O tribunal de Morón condenou Carlos Alberto Robledo, pastor evangélico de Hurlingham, a 15 anos de prisão por mais de 160 abusos sexuais contra jovens e menores. A sentença seguiu um julgamento abreviado no qual o acusado admitiu sua responsabilidade. A condenação provocou indignação entre familiares e vizinhos devido à escala dos incidentes.
Carlos Alberto Robledo dirigia o 'Ministry of Salvation' a partir da garagem de sua casa na rua Malarredo, 100, em Villa Tesei, Hurlingham. Ele atraía jovens e adolescentes para atividades religiosas, segundo a investigação. Em junho de 2024, foi formalmente acusado de 164 abusos sexuais, com base em denúncias de 13 vítimas, incluindo menores.
Durante o processo, Robledo negou ser pastor e alegou que o local funcionava como uma cozinha comunitária, mas o Tribunal Oral em Direito Penal nº 3 de Morón rejeitou essas alegações por falta de provas. A promotora Marina Monti apresentou provas-chave, como conversas no WhatsApp em que Robledo enviava insinuações sexuais às denunciantes, incluindo uma que dizia: 'Você vai explodir de beleza'.

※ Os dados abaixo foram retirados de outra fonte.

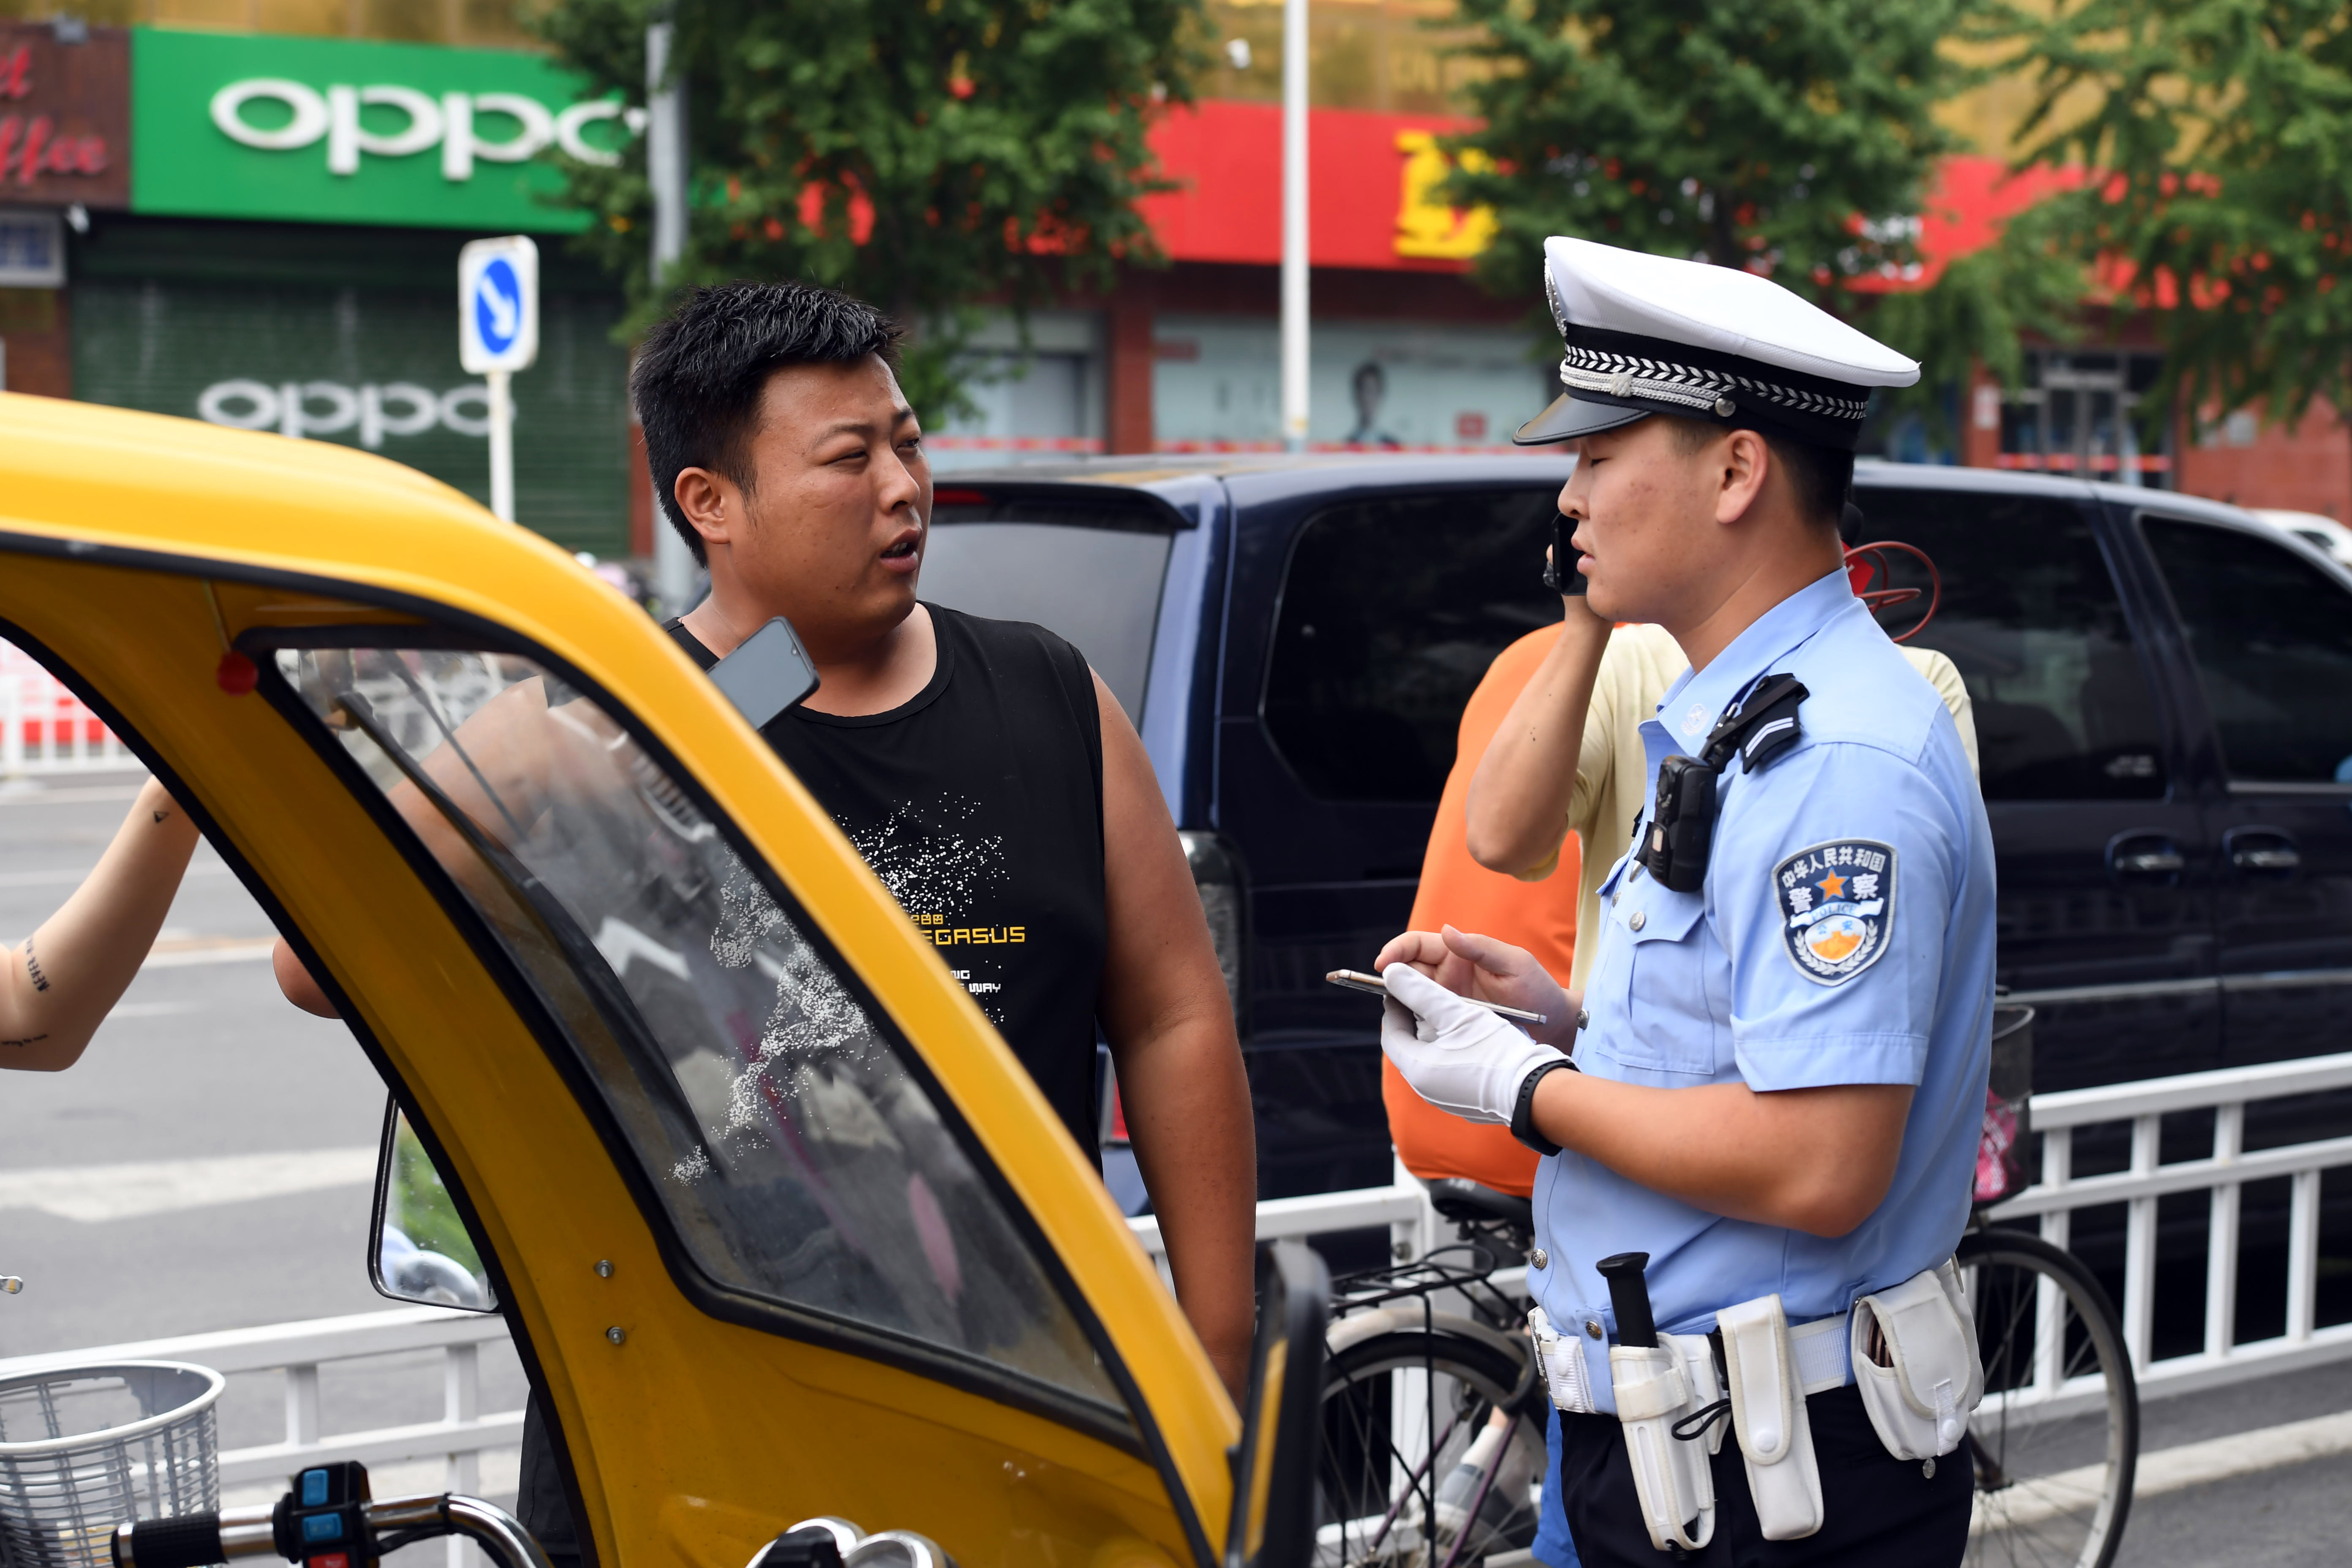 快递员,外卖小哥交通违法 北京交警将直接向企业通报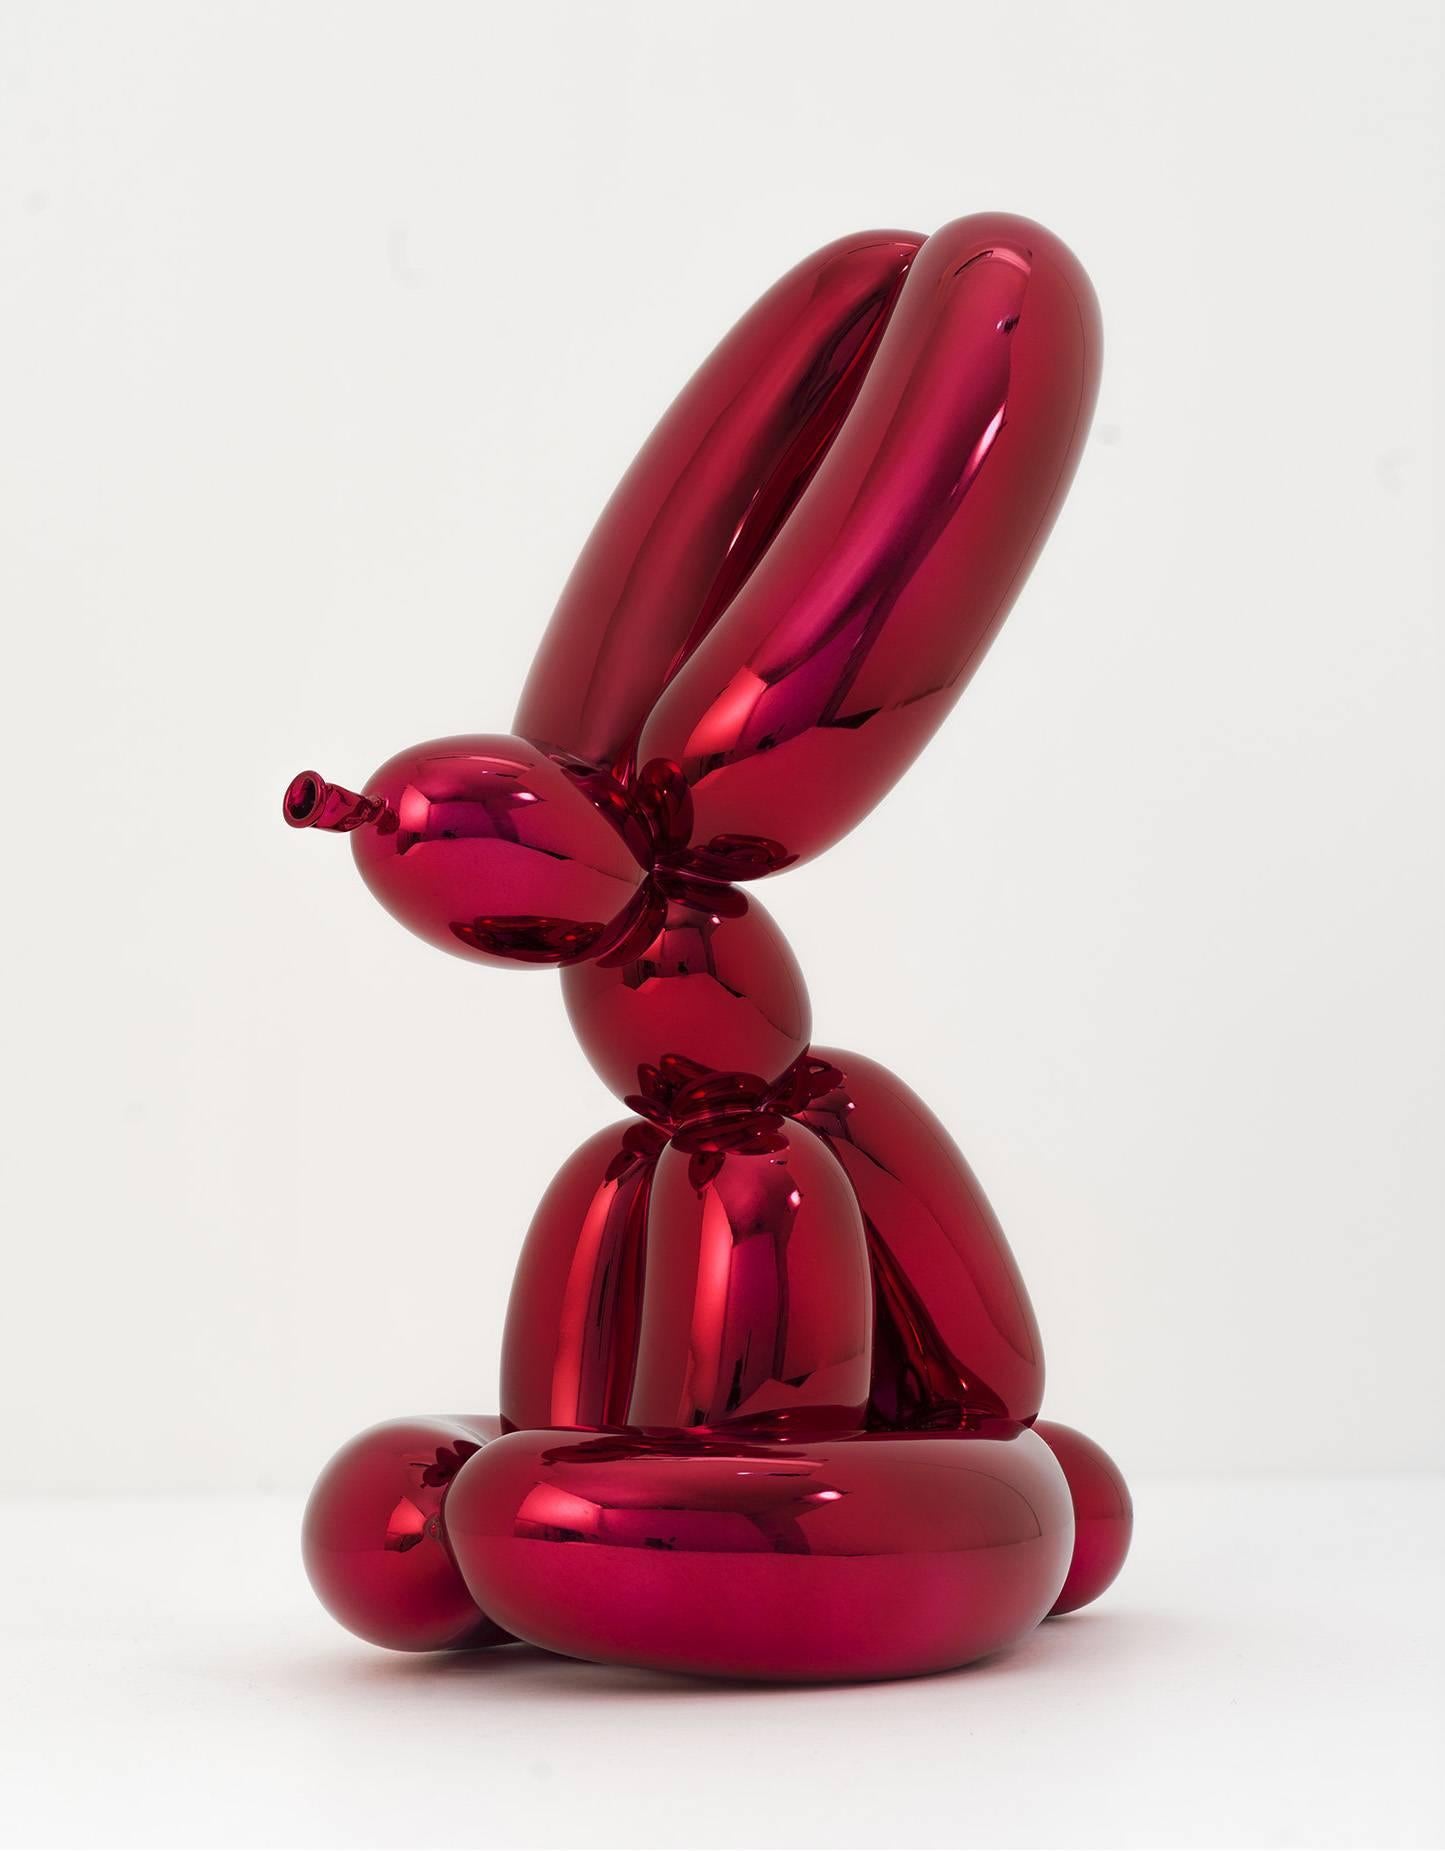 Jeff Koons Figurative Sculpture - Balloon Rabbit (red)

Os testemunhos detalharam padrões de manipulação e abuso. A sobrinha do pastor descreveu situações desconfortáveis em reuniões privadas. Uma vítima explicou o impacto psicológico: 'Eu não o via como meu abusador, via-o como meu pastor, minha referência. Quando comecei a falar sobre isso com outras pessoas, percebi que tinha sido abusada. Foi difícil para mim aceitar isso'.
Diante das provas, Robledo concordou com o julgamento abreviado e admitiu os atos, evitando um julgamento oral completo. A condenação abrange 25 casos de abuso sexual simples repetido, um gravemente ultrajante, 141 instâncias de abuso sexual com acesso carnal agravado por seu papel como ministro religioso, e corrupção de menores mediante engano. A pena de 15 anos é a máxima prevista no acordo, e foi ordenada uma amostra de DNA para o Banco de Dados Genéticos.